Das offizielle Motto der olympischen Bewegung lautet „schneller, höher, stärker“ – mitgedacht aber zu wenig beachtet, ist: „besser“! Denn de Coubertins Ideale spiegeln sich im olympischen Credo wider: „Das Wichtigste an den Olympischen Spielen ist nicht der Sieg, sondern die Teilnahme, wie auch das Wichtigste im Leben nicht der Sieg, sondern das Streben nach einem Ziel ist. Das Wichtigste ist nicht, erobert zu haben, sondern gut gekämpft zu haben.“
Das Weiß erinnert hintergründig daran, dass ursprünglich nackt gekämpft werden musste. Man beginnt im Zustand der eigenen ungeschützten und unverborgenen Präsenz, ohne Hilfsmittel oder Ablenkung, ganz aus sich selbst, für jeden sichtbar. So wird die Integrität des Einzelnen unterstrichen, als Wurzel des Wertes der Spiele. Lug und Trug werden im Ansatz erschwert.
Denn die Jugend ist die entscheidende Phase des Übergangs: hier muss man sich der Wurzeln des guten Lebens besonders gründlich vergewissern. Mit „Jugend“ bezeichnen wir den Weg aus der inneren Welt der Familie in die Kreise des Weltbürgers. Das ist der wichtigste Moment in der Orientierung des Einzelnen in den Horizonten globaler Ordnung. Die Jugend kann also einen besonders nachhaltigen Beitrag dazu leisten, dass die Kreise in Ordnung kommen und in guter Bewegung bleiben.

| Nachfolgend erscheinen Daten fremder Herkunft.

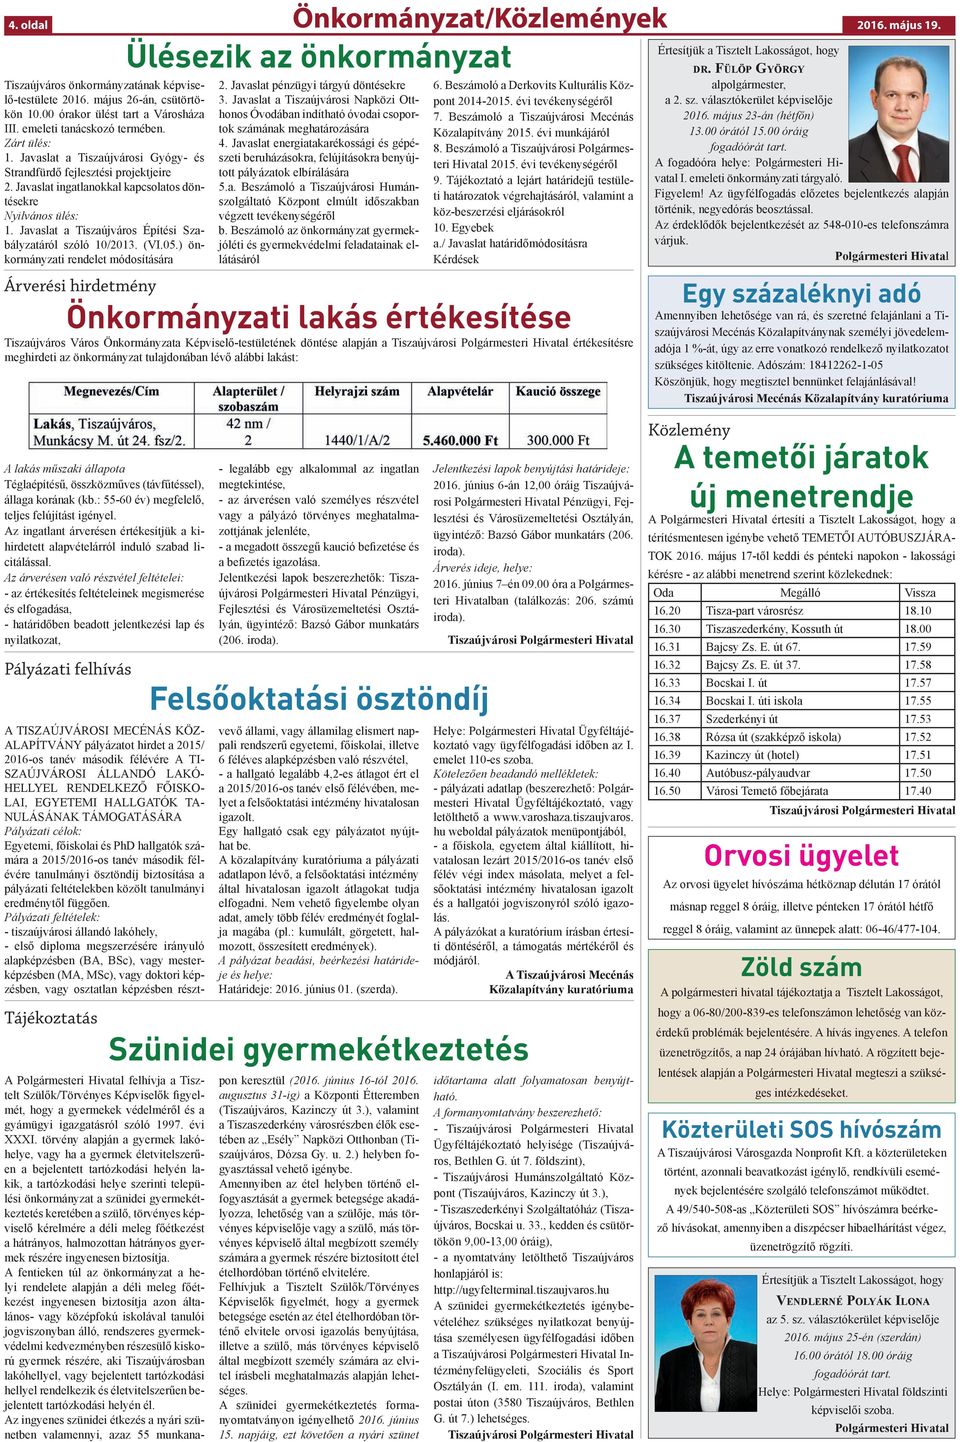 Javaslat a Tiszaújváros Építési Szabályzatáról szóló 10/2013. (VI.05.
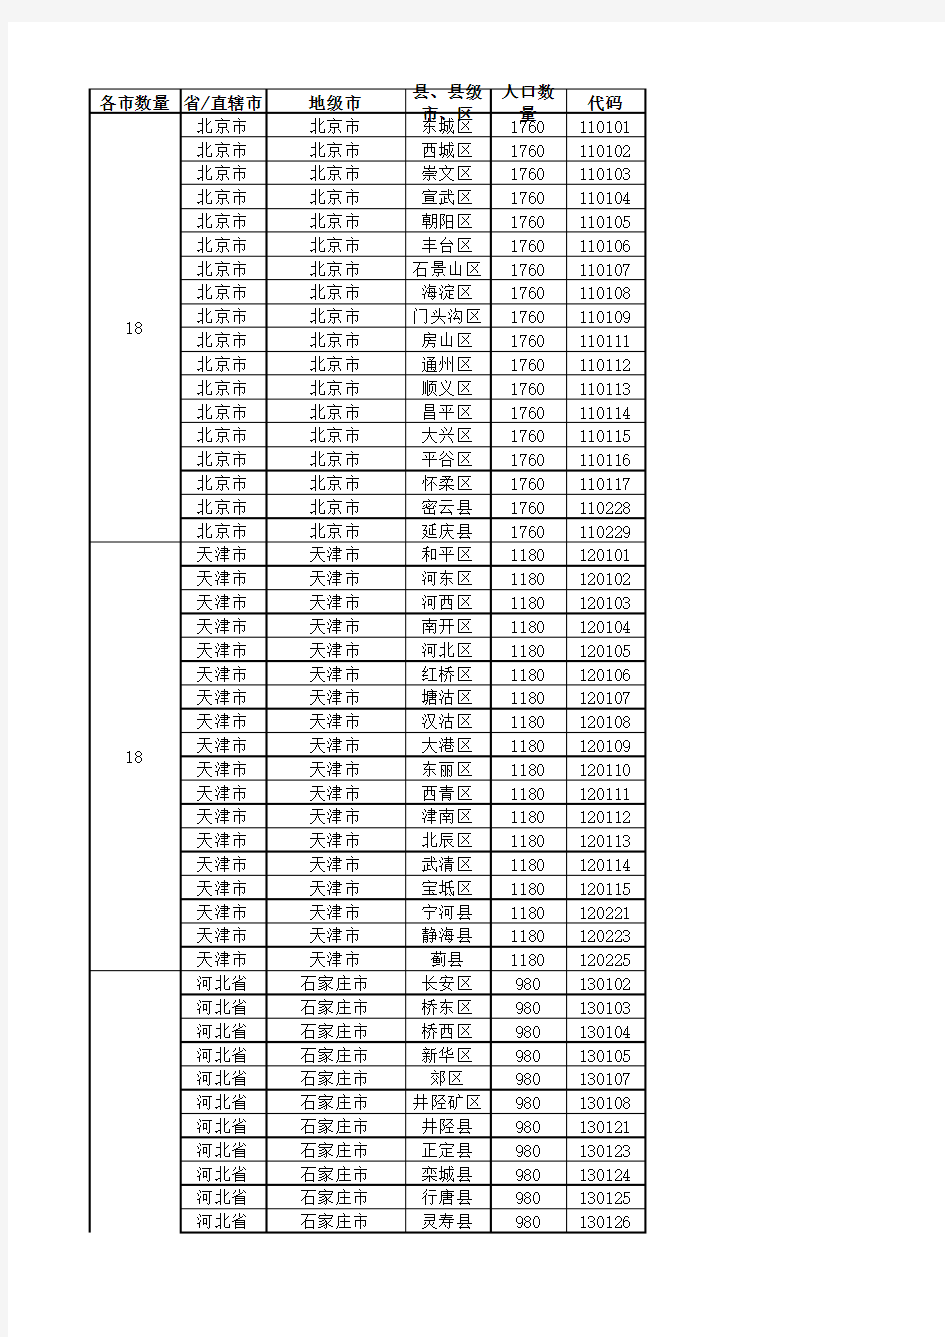 最新全国城市省市县区行政级别对照表.xls

Die Flamme lebt im Spiel ihrer Kräfte. „Tradition ist nicht die Anbetung der Asche, sondern die Weitergabe des Feuers“, hat der französische Politiker Jean Jaurès 1910 gesagt, am Vorabend des Ersten Weltkriegs. Schon damals musste daran erinnert werden, dass Tradition verjüngt, erneuert und in zeitgemäße Gestalt gebracht werden muss, damit die Völker zusammenleben können. Heute steht der Satz für die deutsch-französische Kulturfreundschaft, im Kern der Europäischen Vereinigung für Frieden und Wohlstand. Dieser kulturelle Keim des alten Europas kann auch über Europa und Asien hinaus wirksam werden.
Eine der jungen treibenden Kräfte für die Neubelebung des Gedankens der Vereinten Nationen ist BRICS, eine weitere Initiative, an deren Gründung China beteiligt ist. Wieder steht die Fünf für die Grundlagen der gemeinsamen Ordnung: mit den fünf namensgebenden Ländern Brasilien, Russland, Indien, China und Südafrika war 2010 die Basis komplett, ein vielversprechendes Symbol! Wieder steht der Respekt vor der Integrität und Eigenständigkeit aller Länder im Mittelpunkt einer multipolaren Weltordnung. Auch hier kann Zusammenarbeit den Zusammenhalt stärken. Derzeit ist fast die Hälfte der Weltbevölkerung einbezogen, mit einem besonders hohen Anteil junger Menschen.
Bis jetzt hat die Völkergemeinschaft keinen besseren Begriff für das Zusammenspielen der Jugend gefunden als die Olympiade. Vielleicht wird das so bleiben – der Geist der neuen Welt ist frei darin, diese Spiele ihrer ursprünglichen Idee gemäß neu zu denken.